Neste diapasão, o GACIM começou a investir mais nas comunidades locais, afinal elas devem sentir que o legado patrimonial os beneficia. Assim, a instituição passou a investir nas ICC como instrumento de desenvolvimento económico e social.
“Se uma pessoa consegue atrair o público e obter renda através de um espectáculo de tufo, por exemplo, ela compreende que está inserida num contexto de património mundial e passa a sentir-se motivada a protegê-lo”, explicou.
Apesar de ser uma entidade pública, o GACIM tem procurado estabelecer uma nova forma de actuação, baseada na criação de parcerias com organizações privadas, associações culturais e instituições internacionais.
Assim, desde 2020, a instituição tem conseguido mobilizar diversos financiamentos internacionais destinados à valorização do património e fortalecimento das ICC. Zunguene conta que, graças a um fundo do projecto Procultura, por exemplo, foi possível criar na Ilha de Moçambique um novo espaço cultural, a Casa dos Contos.

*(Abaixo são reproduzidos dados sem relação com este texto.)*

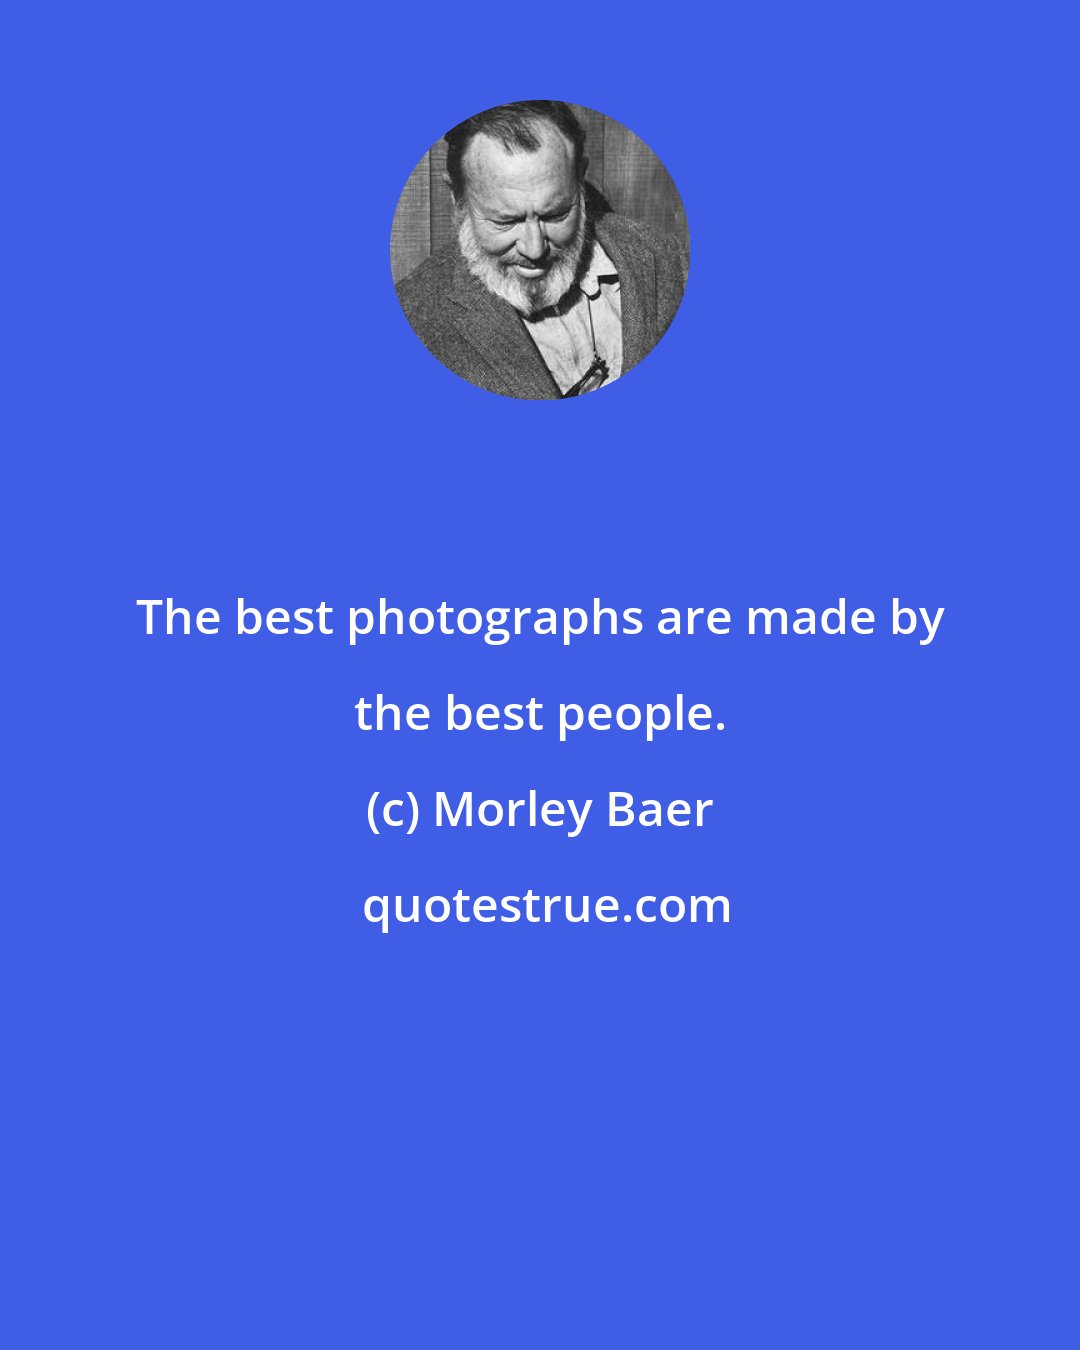 Morley Baer: The best photographs are made by the best people.

Precisam-se infra-estruturas à altura
O Ritmo da conversa facilmente conduziu a uma reflexão sobre a falta de espaços adequados para a prática artística. Joaquim Matavele, coordenador do Girassol, agremiação que há mais de duas décadas organiza o Festival Internacional de Teatro de Inverno (FITI), considera a ausência deste tipo de infra-estruturas um dos maiores entraves ao desenvolvimento sociocultural. Para Mano Quim, como é carinhosamente tratado, embora seja possível organizar actividades relevantes como o FITI, a questão central permanece a mesma: estar dependente de espaços de terceiros.
“Sempre que precisamos de utilizar um espaço temos de pagar. Muitas vezes não dispomos de recursos financeiros para suportar esses custos de forma contínua”, disse quem defende maior envolvimento dos municípios na criação e gestão de infra-estruturas.
Segundo a fonte, o planeamento urbano deve integrar a cultura como elemento estratégico no processo de desenvolvimento, havendo necessidade de mapear os artistas, identificar as vocações culturais dos diferentes bairros e localizar espaços que possam ser recuperados ou adaptados para actividades culturais.
“Precisamos de olhar para a ligação entre cultura, território e desenvolvimento local”, destacou, referindo que muitas áreas urbanas subaproveitadas podem ganhar uma nova função social através da cultura.
Um dos exemplos é o Jardim 28 de Maio, mais conhecido por Jardim dos Madgermanes, que, apesar da sua dimensão e potencial, ainda não possui uma infra-estrutura cultural capaz de dinamizar actividades regulares.
“Pode-se requalificar aquele espaço e transformá-lo num verdadeiro centro cultural”, sugeriu.
Aliás, a mesma lógica poderia ser aplicada a outros jardins públicos que foram anteriormente concessionados a particulares, mas encontram-se abandonados. [Continue Lendo]
Segundo Matavele, a arte tem esta virtude de reconstruir laços comunitários, revitalizar espaços urbanos e devolver significado a áreas marcadas por experiências negativas.